(Data under study)

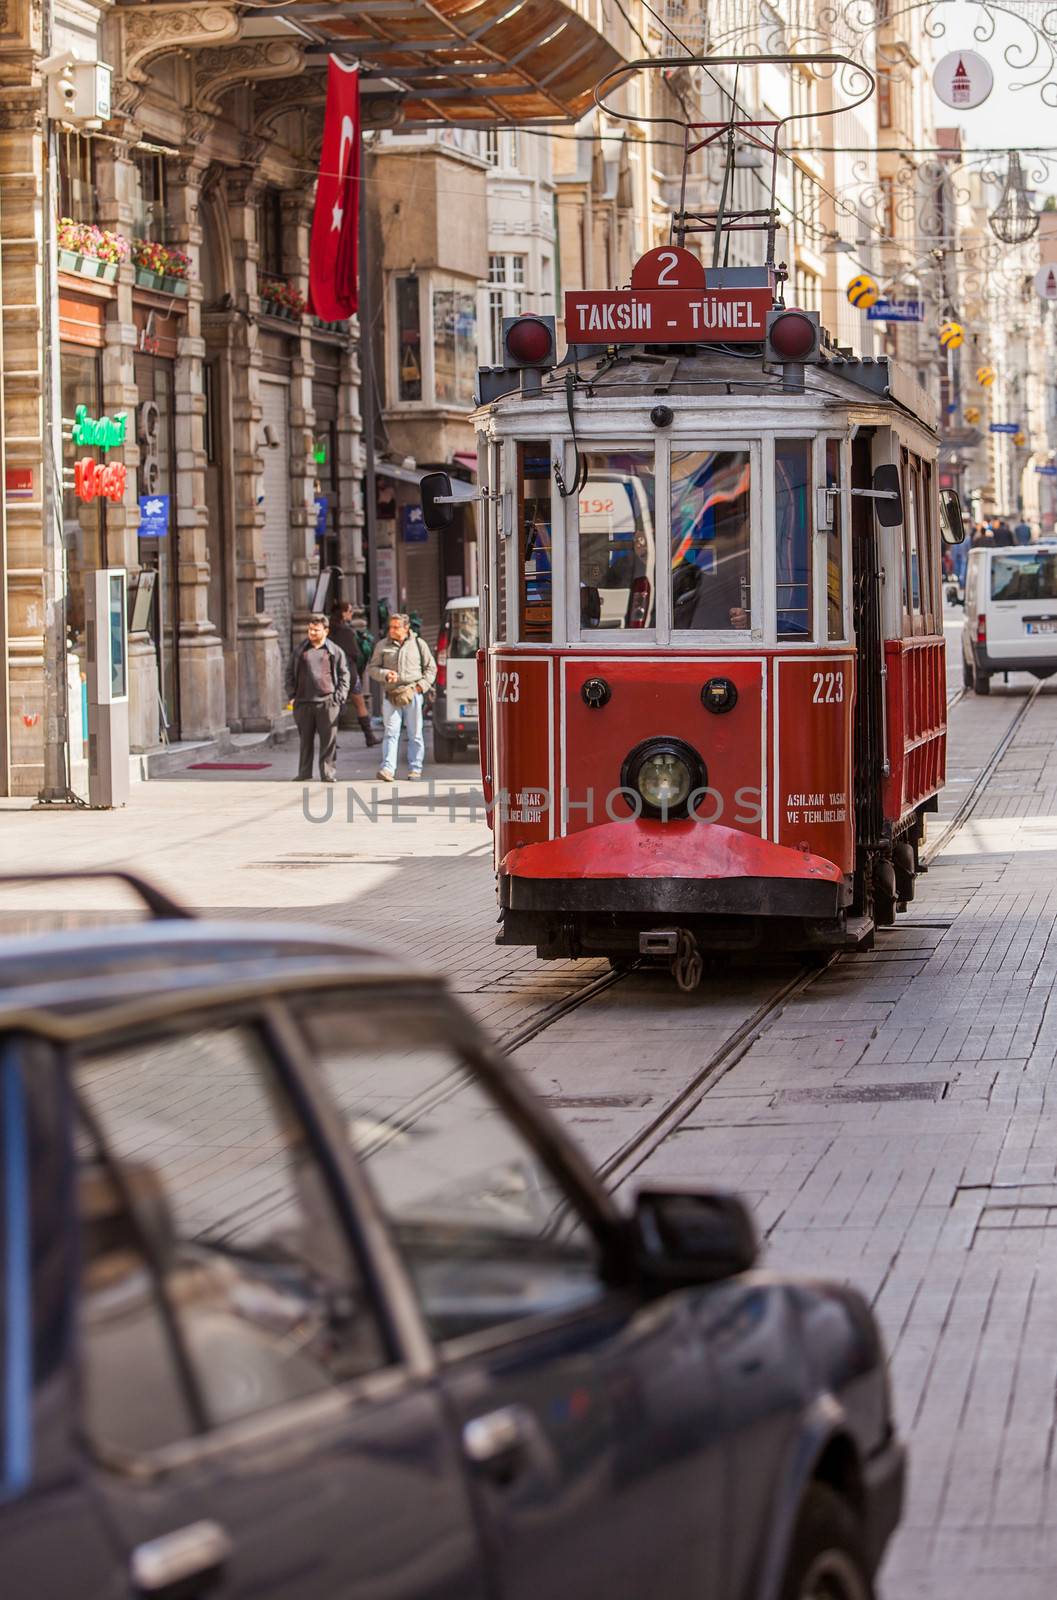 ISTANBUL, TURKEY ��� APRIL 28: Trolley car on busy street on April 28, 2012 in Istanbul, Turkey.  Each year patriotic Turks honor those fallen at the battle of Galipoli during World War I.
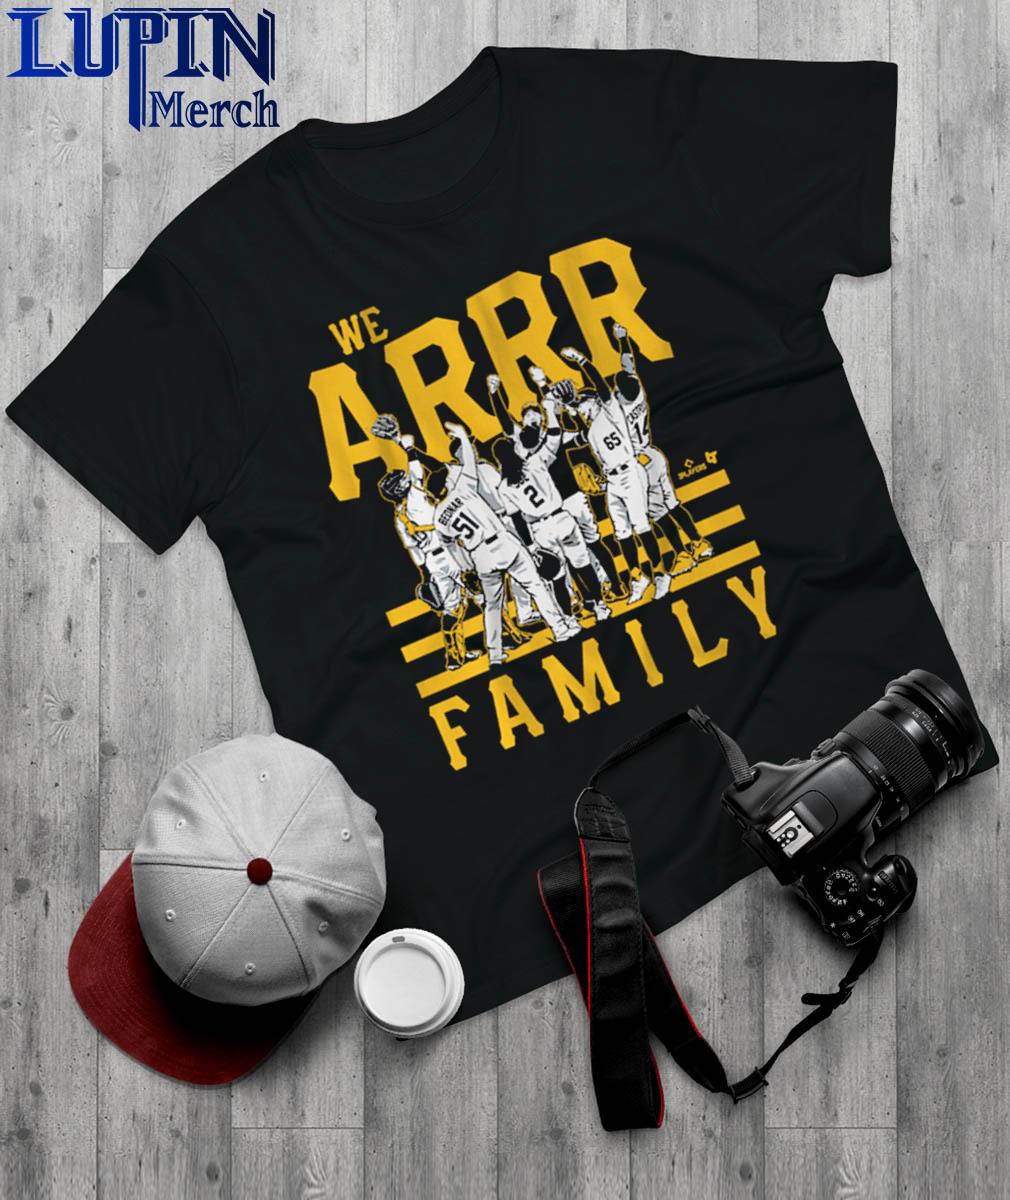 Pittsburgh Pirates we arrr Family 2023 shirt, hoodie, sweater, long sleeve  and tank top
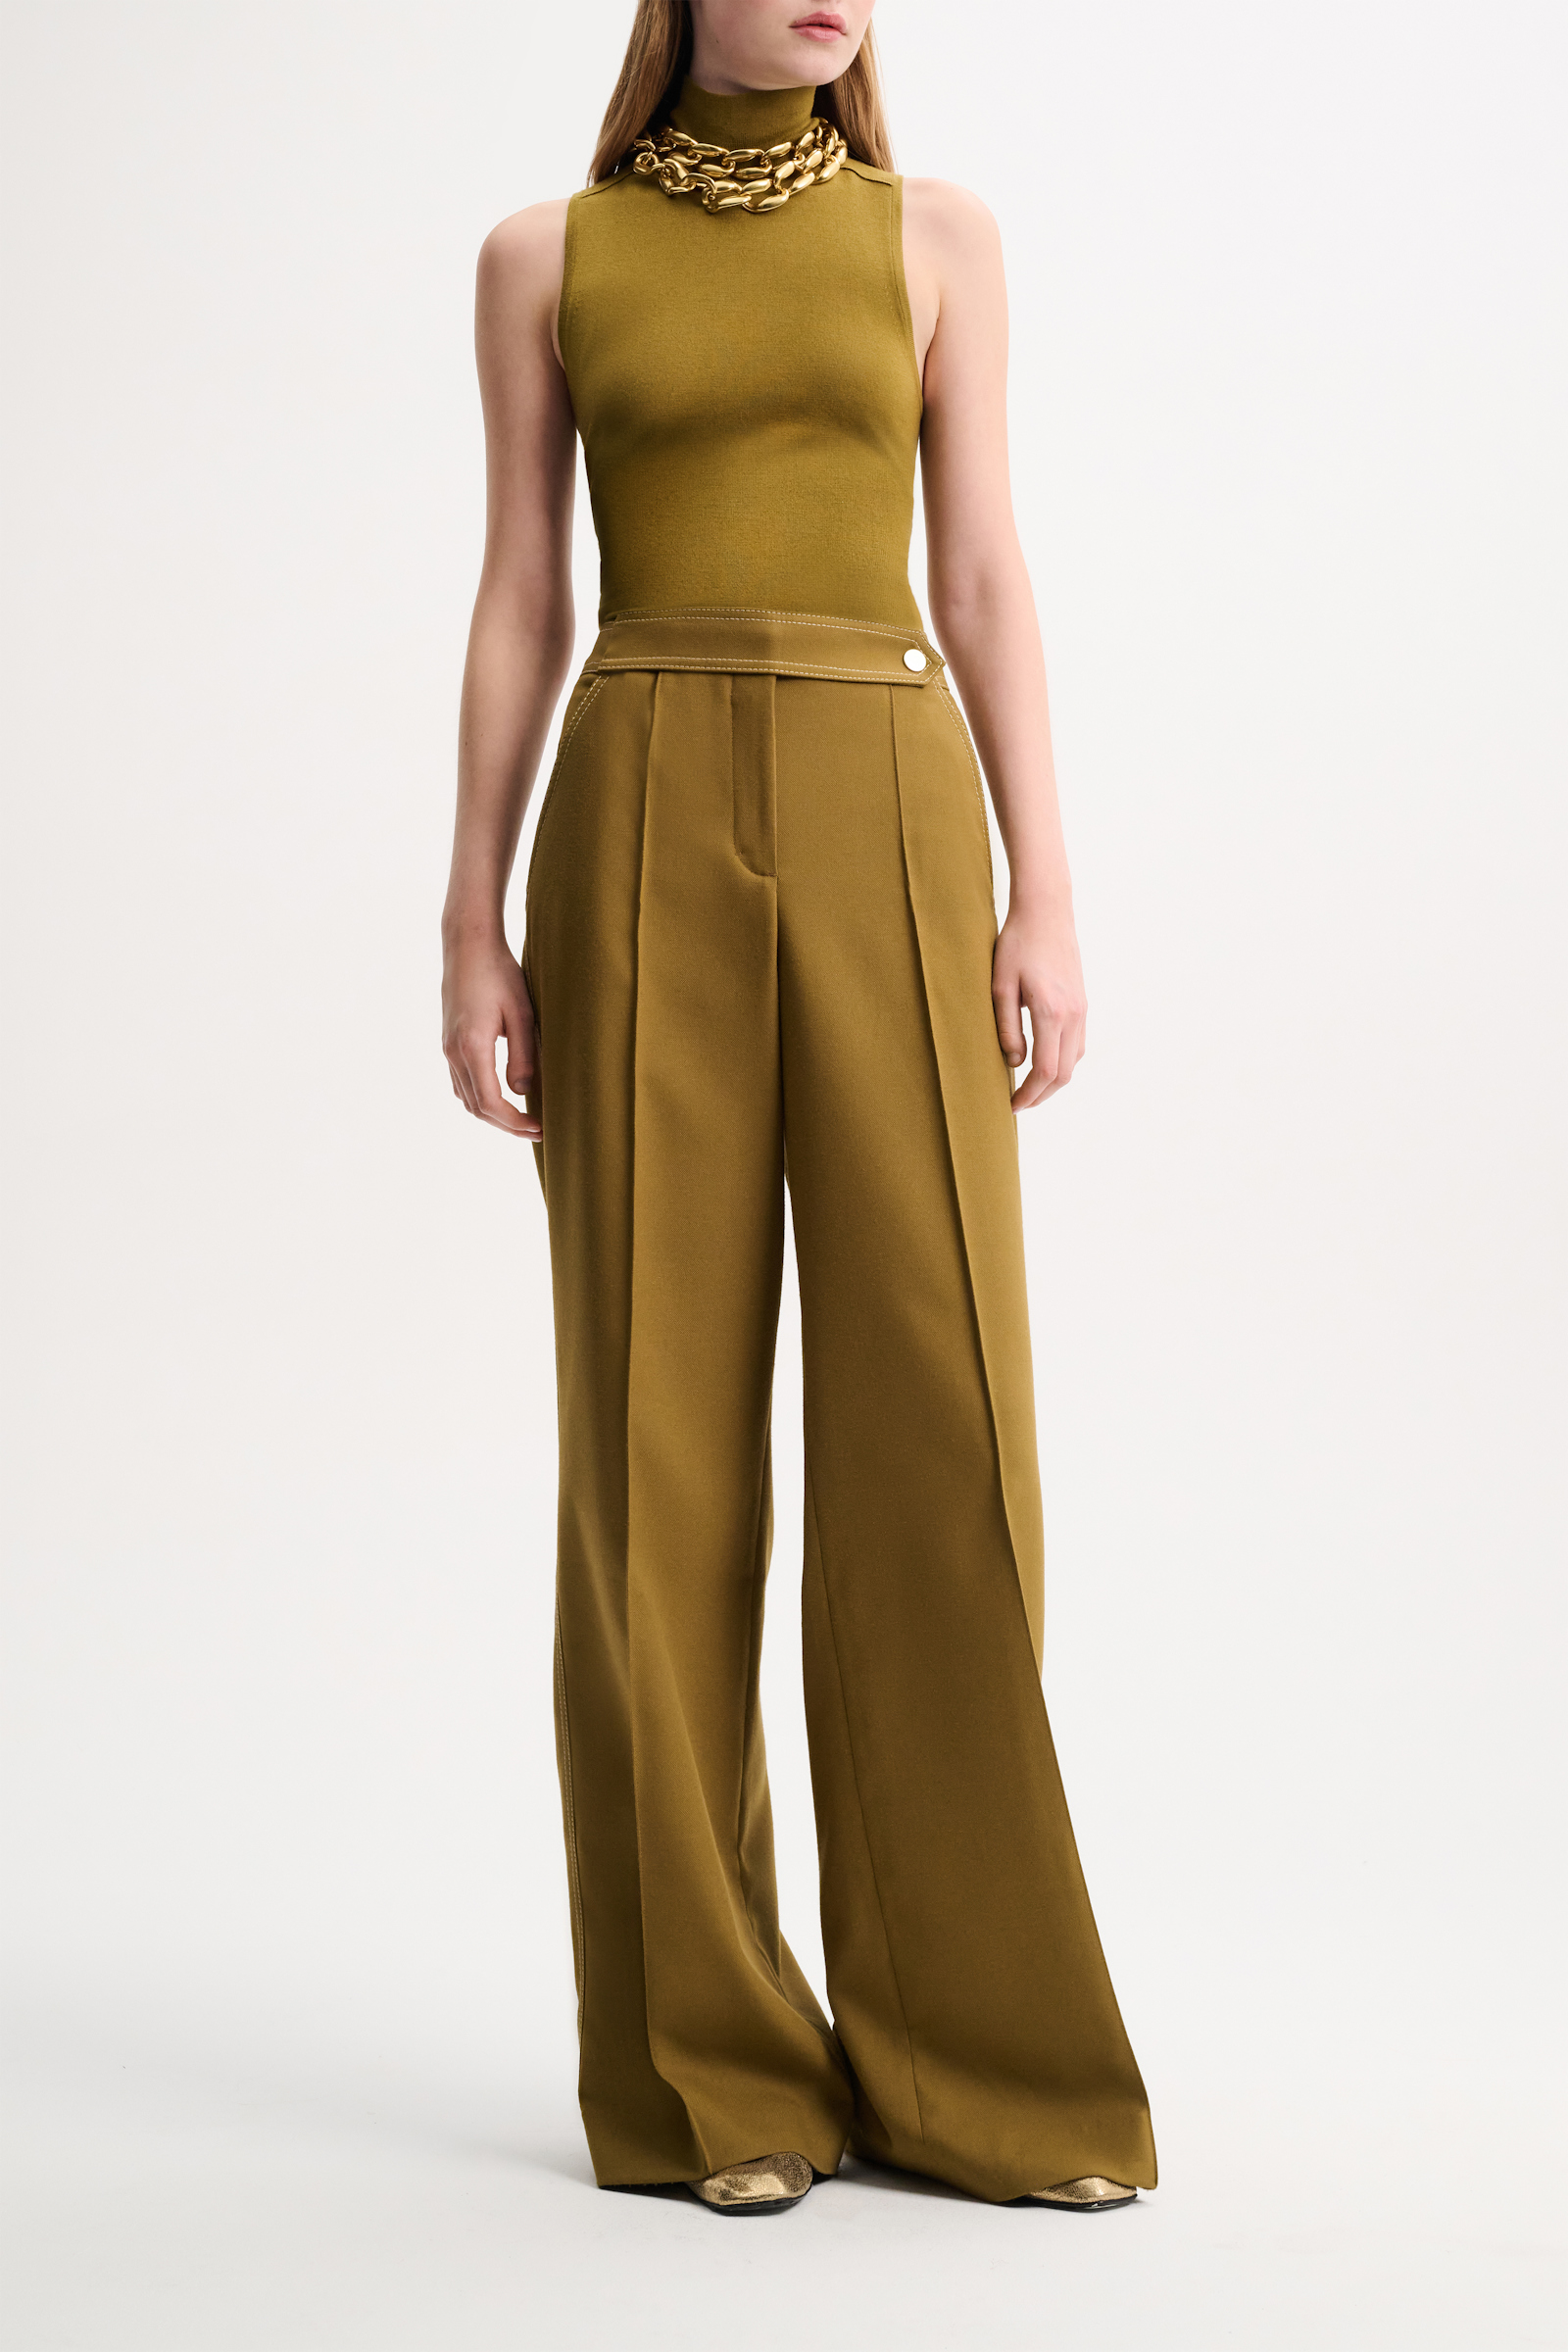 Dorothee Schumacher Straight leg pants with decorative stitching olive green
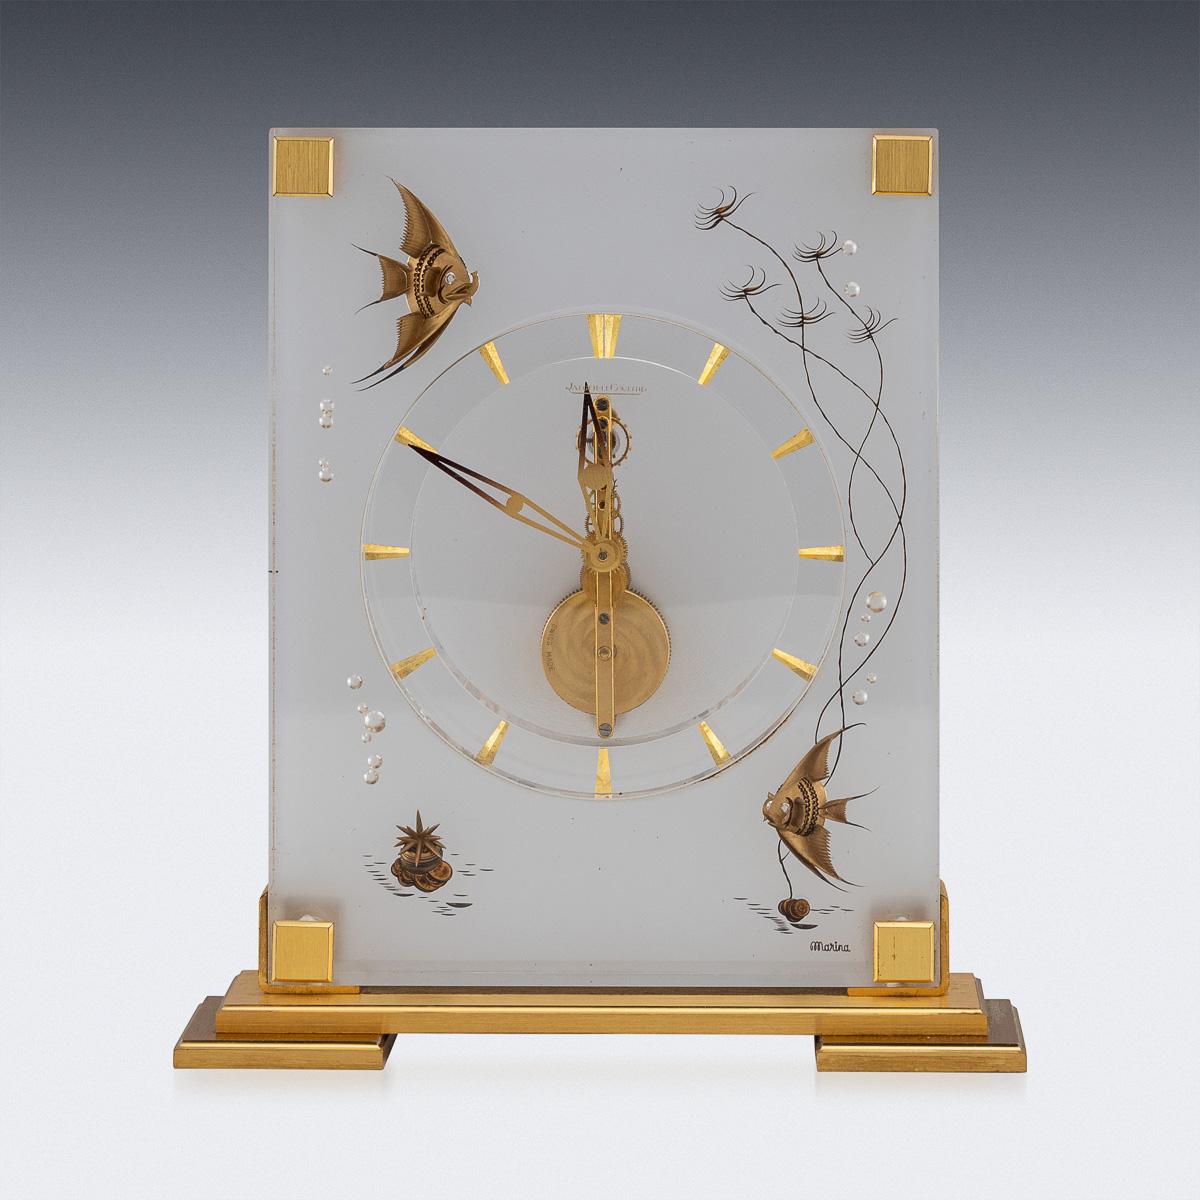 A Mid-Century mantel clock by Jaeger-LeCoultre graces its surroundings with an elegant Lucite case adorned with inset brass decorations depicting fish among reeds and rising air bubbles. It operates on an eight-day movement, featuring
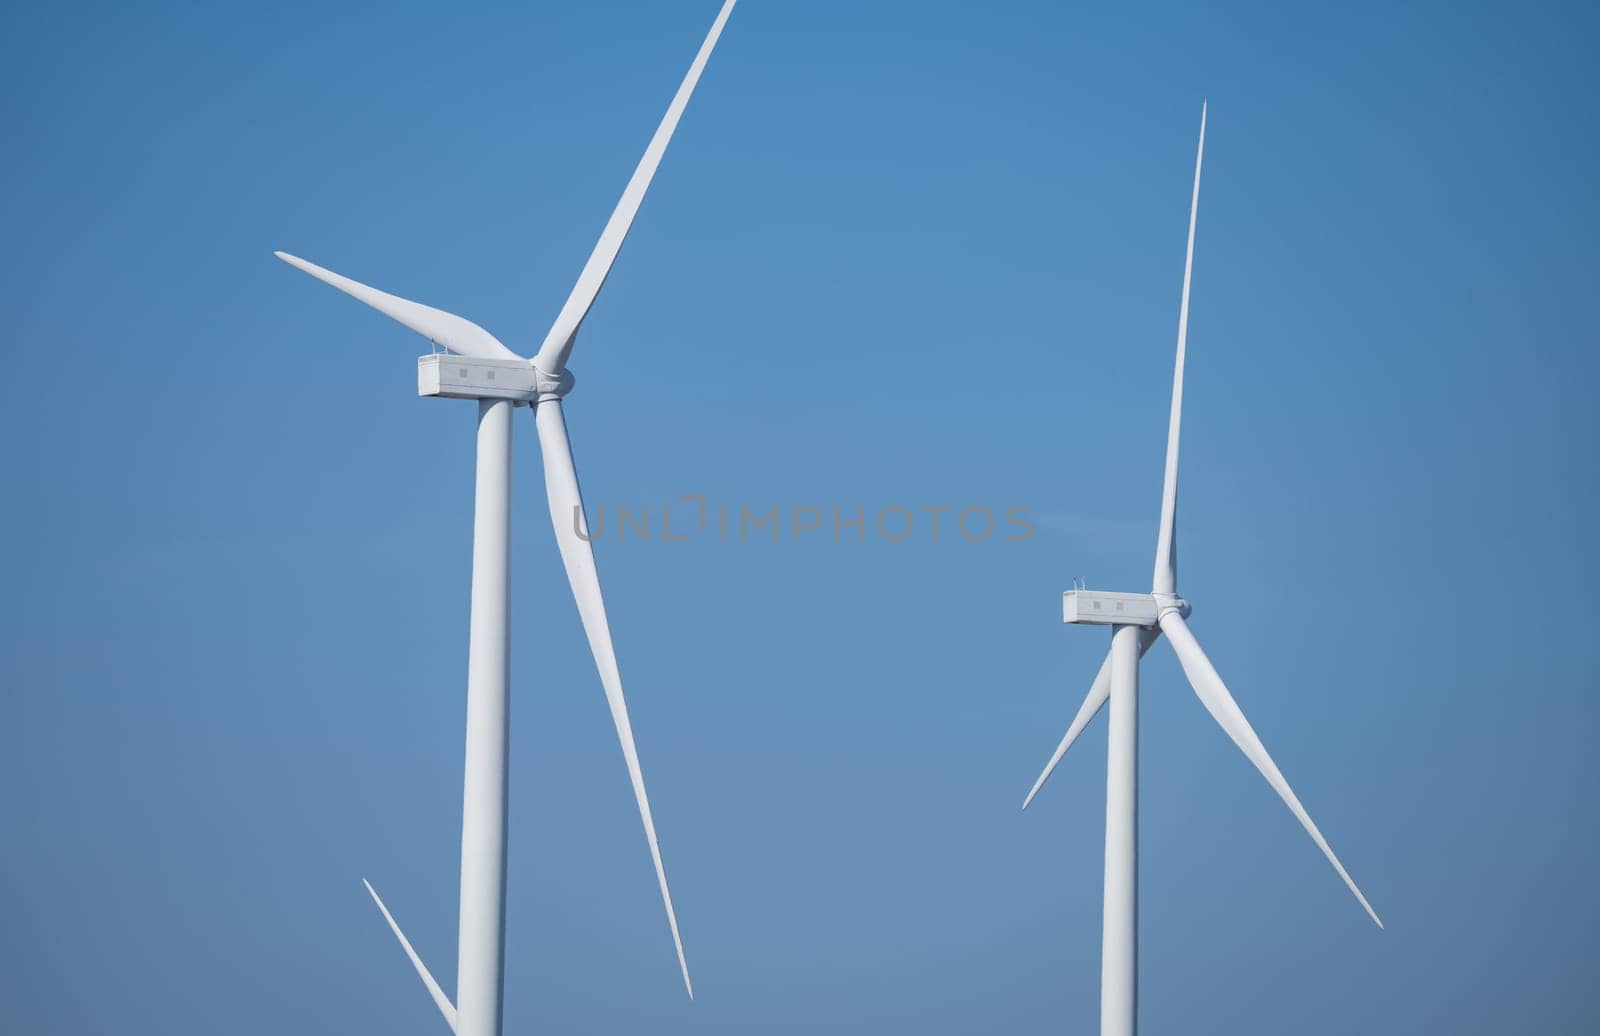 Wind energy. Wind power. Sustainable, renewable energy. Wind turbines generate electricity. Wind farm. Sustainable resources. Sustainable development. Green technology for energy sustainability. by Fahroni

(End Data under study)

- **Directions**:
From the records above, copy exactly the stretch from the line holding "Pittsburgh Pirates we" through the line holding "Dorothee Schumacher Straight", both ends included, without the pictures.

- **Expected answer**:
 Pittsburgh Pirates we arrr Family 2023 shirt, hoodie, sweater, long sleeve  and tank top
 Dorothee Schumacher Straight leg pants with decorative stitching olive green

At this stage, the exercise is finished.